Random Forest shows similar, slightly lower figures.

  1. Implementation Strategy:
  1. Implement XGBoost as the primary model.
  2. Maintain Random Forest as a secondary model for comparison.
  3. Use linear regression as a quick, interpretable baseline.
  4. Start with a pilot program to verify real-world performance of all models.
  5. Gradually scale up the use of the best-performing model(s) in production.
  1. Ensemble Approach:
    Consider creating an ensemble model that combines predictions from all three models, potentially weighted based on their performance.

  2. Model Interpretability:
    Use XGBoost and Random Forest for highest accuracy, but leverage the linear model for its ease of interpretation when needed to explain predictions to stakeholders.

  3. Feature Engineering:
    Given the superior performance of the more complex models, invest in feature engineering to potentially improve all models, especially XGBoost and Random Forest.

  4. Hyperparameter Tuning:
    Conduct thorough hyperparameter tuning for both XGBoost and Random Forest to potentially improve their performance further.

  5. Continuous Learning and Adaptation:
    Implement a system to regularly retrain all models with new data, allowing them to adapt to changing market conditions.

  6. Model Monitoring:
    Set up a monitoring system to track the performance of all three models over time.

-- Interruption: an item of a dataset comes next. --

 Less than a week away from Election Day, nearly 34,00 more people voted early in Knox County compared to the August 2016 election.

This will help identify if/when model retraining is necessary or if the relative performance of the models changes.

  7. User Interface:
    Develop an interface that allows users to see predictions from all three models, along with confidence intervals and model-specific feature importance.

  8. Risk Management:
    While the complex models show excellent potential, keep the linear model as a fallback option in case of unexpected issues with the more complex models.

  9. Ethical and Legal Compliance:
    Regularly audit all models for compliance with fair housing laws and to ensure they don’t perpetuate biases. The linear model can be particularly useful for these audits due to its transparency.

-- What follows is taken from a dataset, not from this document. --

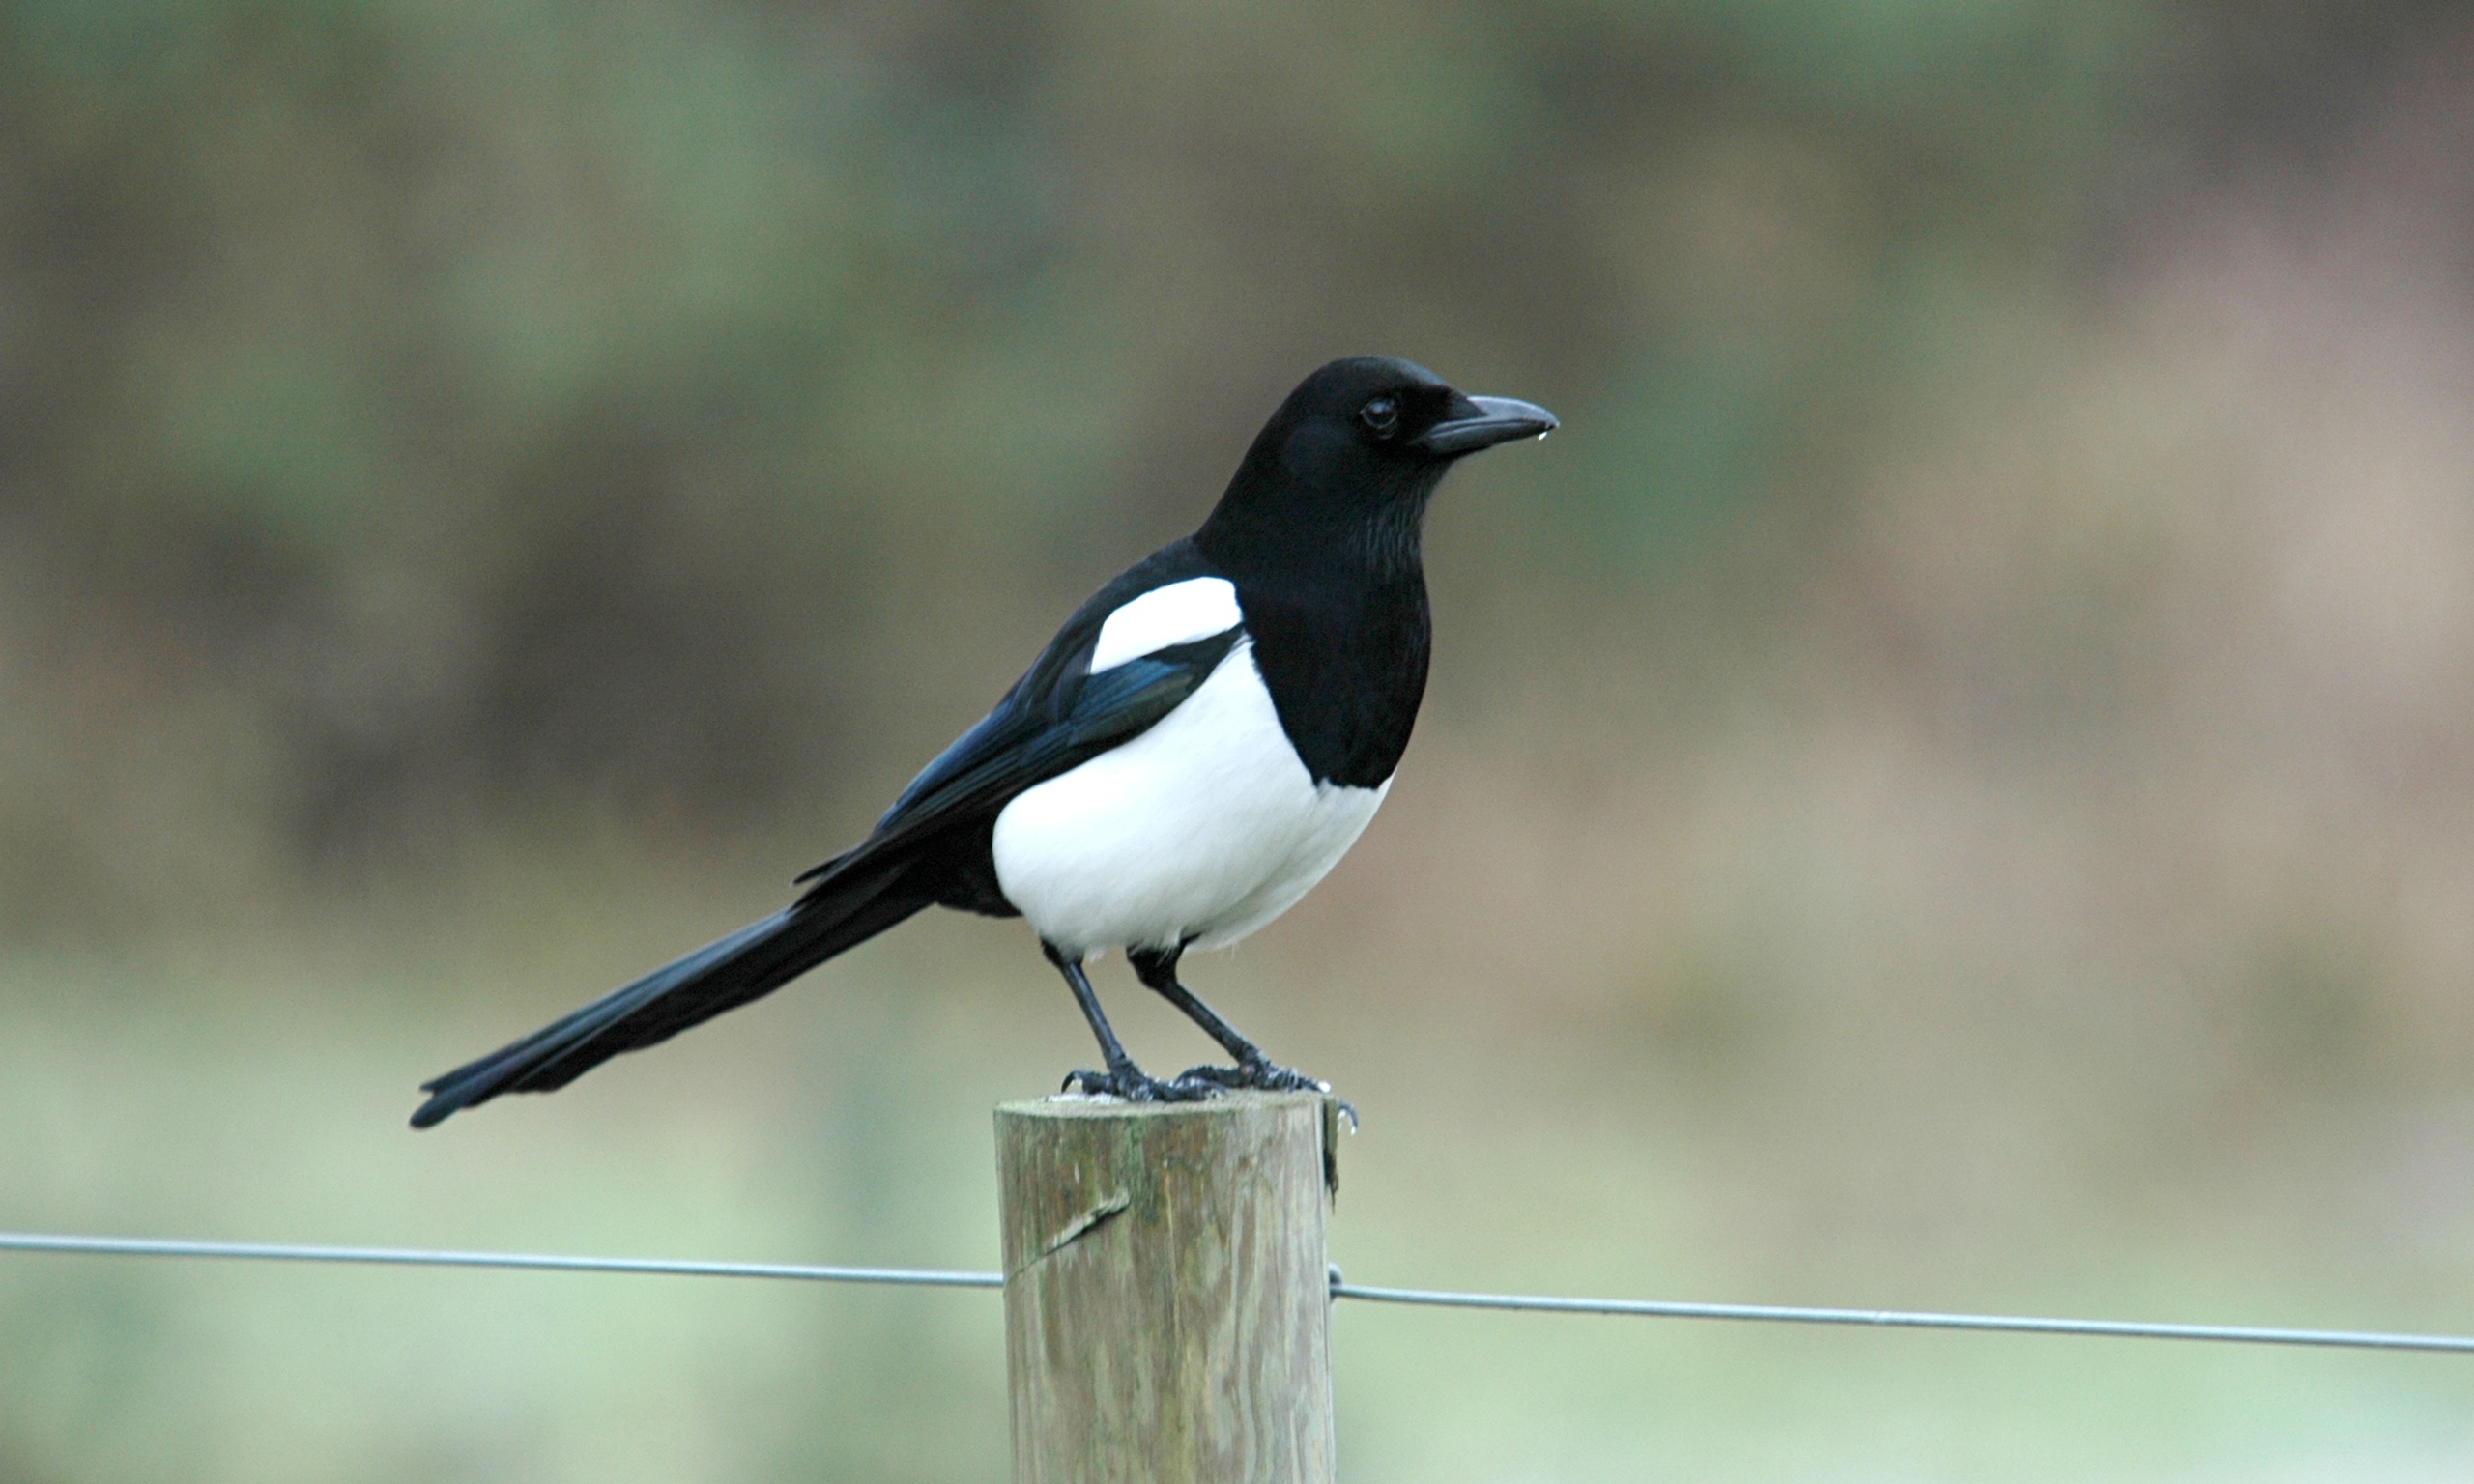 Silver has no shine for magpies | Environment | The Guardian

  10. Educational Component:
    Provide training to users on the strengths and weaknesses of each model type, helping them understand when to rely more heavily on one model over the others.

  11. Feedback Loop:
    Establish a system for users to provide feedback on prediction accuracy, using this information to continually refine and improve all models.

By leveraging the strengths of all three models - the accuracy of XGBoost and Random Forest, and the interpretability of linear regression - you can create a robust, high-performing, and transparent house price prediction system.